Instructions for the task: Only certain lines below are wanted: those starting at the line containing "Null Oval pink garnet on paper." and ending at the line containing "Dimensions: 8.5mm x 7mm", both included, each retyped exactly.

Data extract:
+-------+

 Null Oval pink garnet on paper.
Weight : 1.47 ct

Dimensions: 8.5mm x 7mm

+-------+

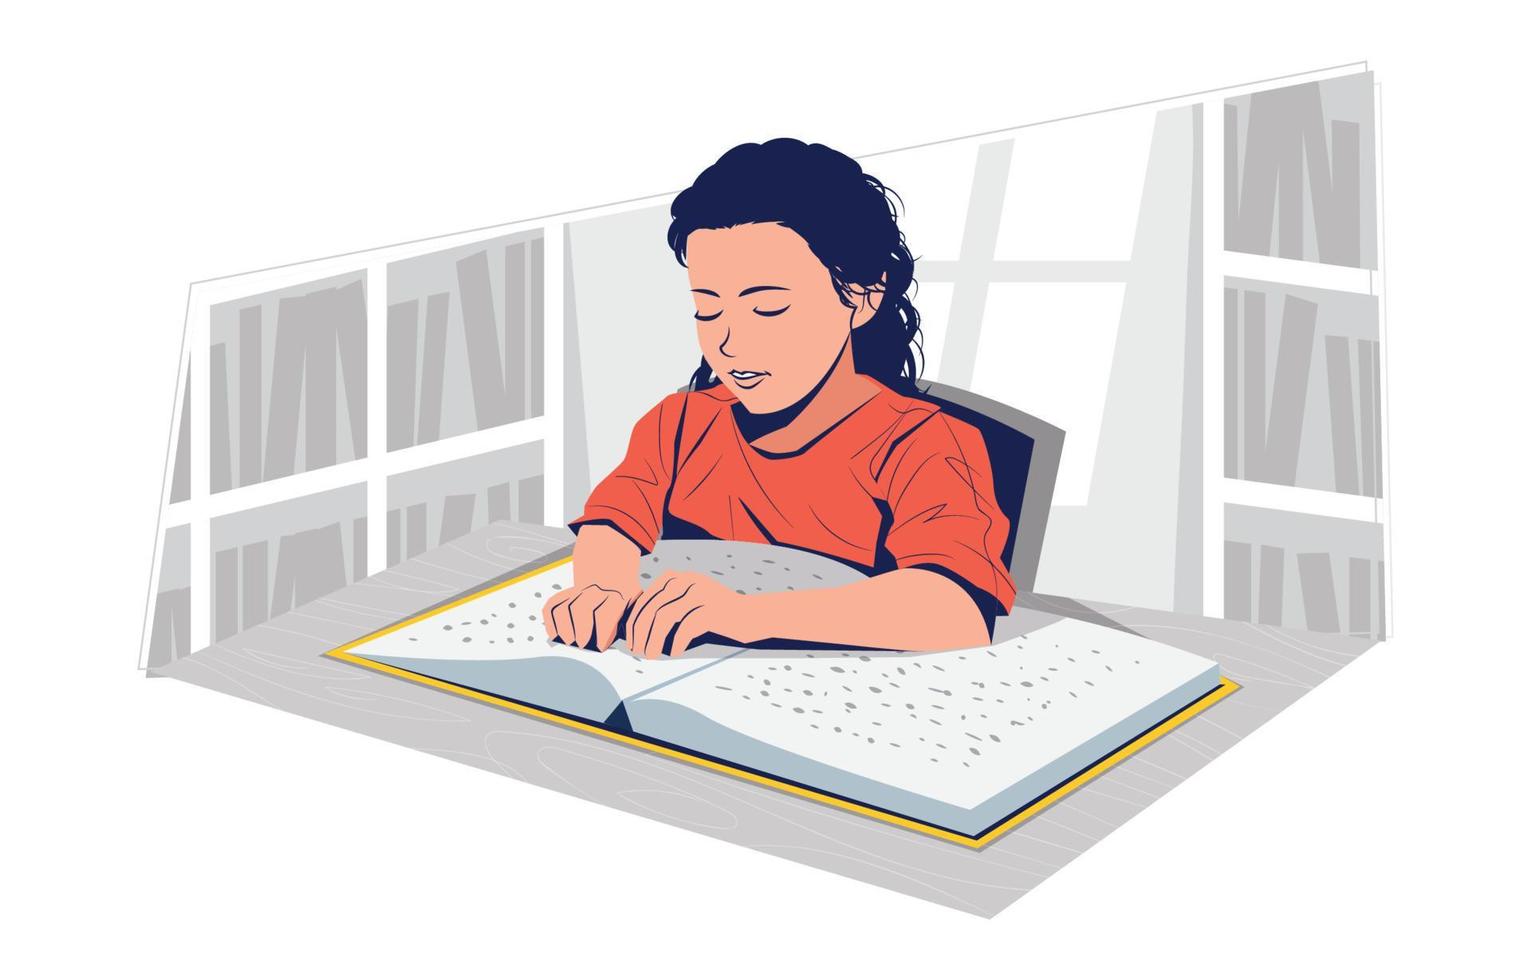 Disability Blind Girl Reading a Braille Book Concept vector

+-------+

Exercise result:
 Null Oval pink garnet on paper.
Weight : 1.47 ct

Dimensions: 8.5mm x 7mm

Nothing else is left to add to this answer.